Claudia Kleinert (born December 31, 1969, in Koblenz) is a German television host.

== Life and career ==
Kleinert is the daughter of a professional soldier and a saleswoman; she has one brother. Born in Koblenz, she lived with her family in Cologne from early childhood, where she attended the Irmgardis-Gymnasium - an all-girls school until 1983. She took speech and acting lessons while still at school.

After graduating from high school in 1988, Kleinert began training as a Bankkauffrau and then worked for some time at Deutsche Bank in Cologne. In 1993, she began studying Business Administration at the University of Cologne, at the same time she worked for Westdeutscher Rundfunk and did Program announcements, among other things. In addition, she completed her studies in 1998 as a Diplom-Kauffrau.

As early as 1996, Kleinert moved to Wetterkanal in Düsseldorf, then presented the weather show and the travel magazine for the Cologne station n-tv and from 1999 also Das Wetter im Ersten on Das Erste and some dritten programs. She also moderates numerous events at trade fairs and presentations. At the end of the 1990s, she was recruited by Jörg Kachelmann to his company Meteomedia, where she rose to become a member of the management board. From 2002, she gave up her management role in favor of the weather announcements before the Tagesschau and after the Tagesthemen. Since the spring of 2002, she has alternated with Sven Plöger, Donald Bäcker and Karsten Schwanke in presenting the weather.

From March to December 2007, Kleinert presented the cooking program Kleinert kulinarisch on WDR Fernsehen.

On July 24, 2010, ARD broadcast a film (by Holger Weinert, Hessischer Rundfunk) about Claudia Kleinert as part of the series Höchstpersönlich.

== Personal ==
Until 2012, Kleinert had a residence in Gais near St. Gallen in Switzerland, since then she has lived in Cologne and Munich.
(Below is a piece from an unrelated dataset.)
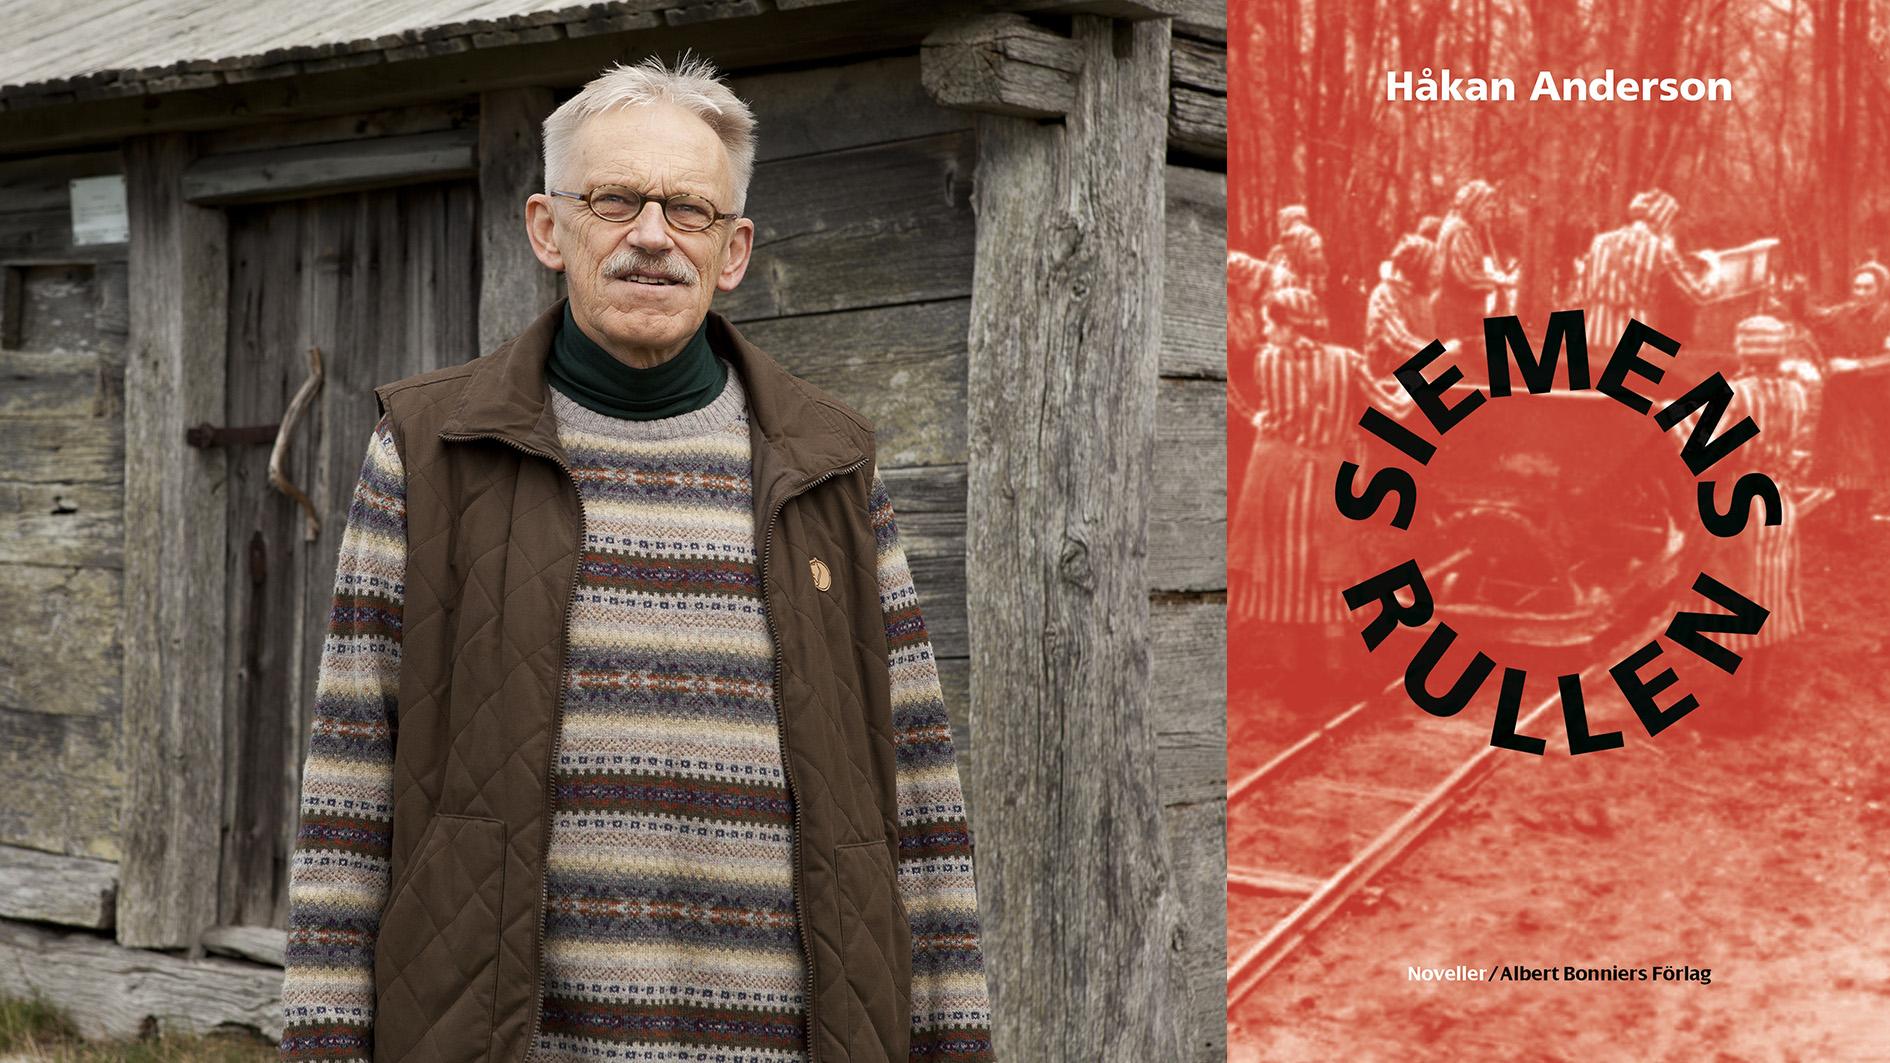 Håkan Anderson (född 1945), debuterade skönlitterärt 2004 med ”Breven” och har utkommit med flera romaner sedan dess. Han är nu aktuell med novellsamlingen ”Siemensrullen”.

Kleinert has been involved with Kindernothilfe North Rhine-Westphalia. She has also been an ambassador for Lebenshilfe Nordrhein-Westfalen e. V. since 2008 and an ambassador for the children's rights organization Save the Children since 2021. She is the godmother of an Ethiopian child. As Kleinert mentioned in a television interview on NDR, she has a soft spot for vintage cars and owns a 1971 Mercedes-Benz 350 SL. She is in a relationship with the photographer and film producer Michael Souvignier.

On March 7, 2023, she was awarded the Order of Merit of the State of North Rhine-Westphalia.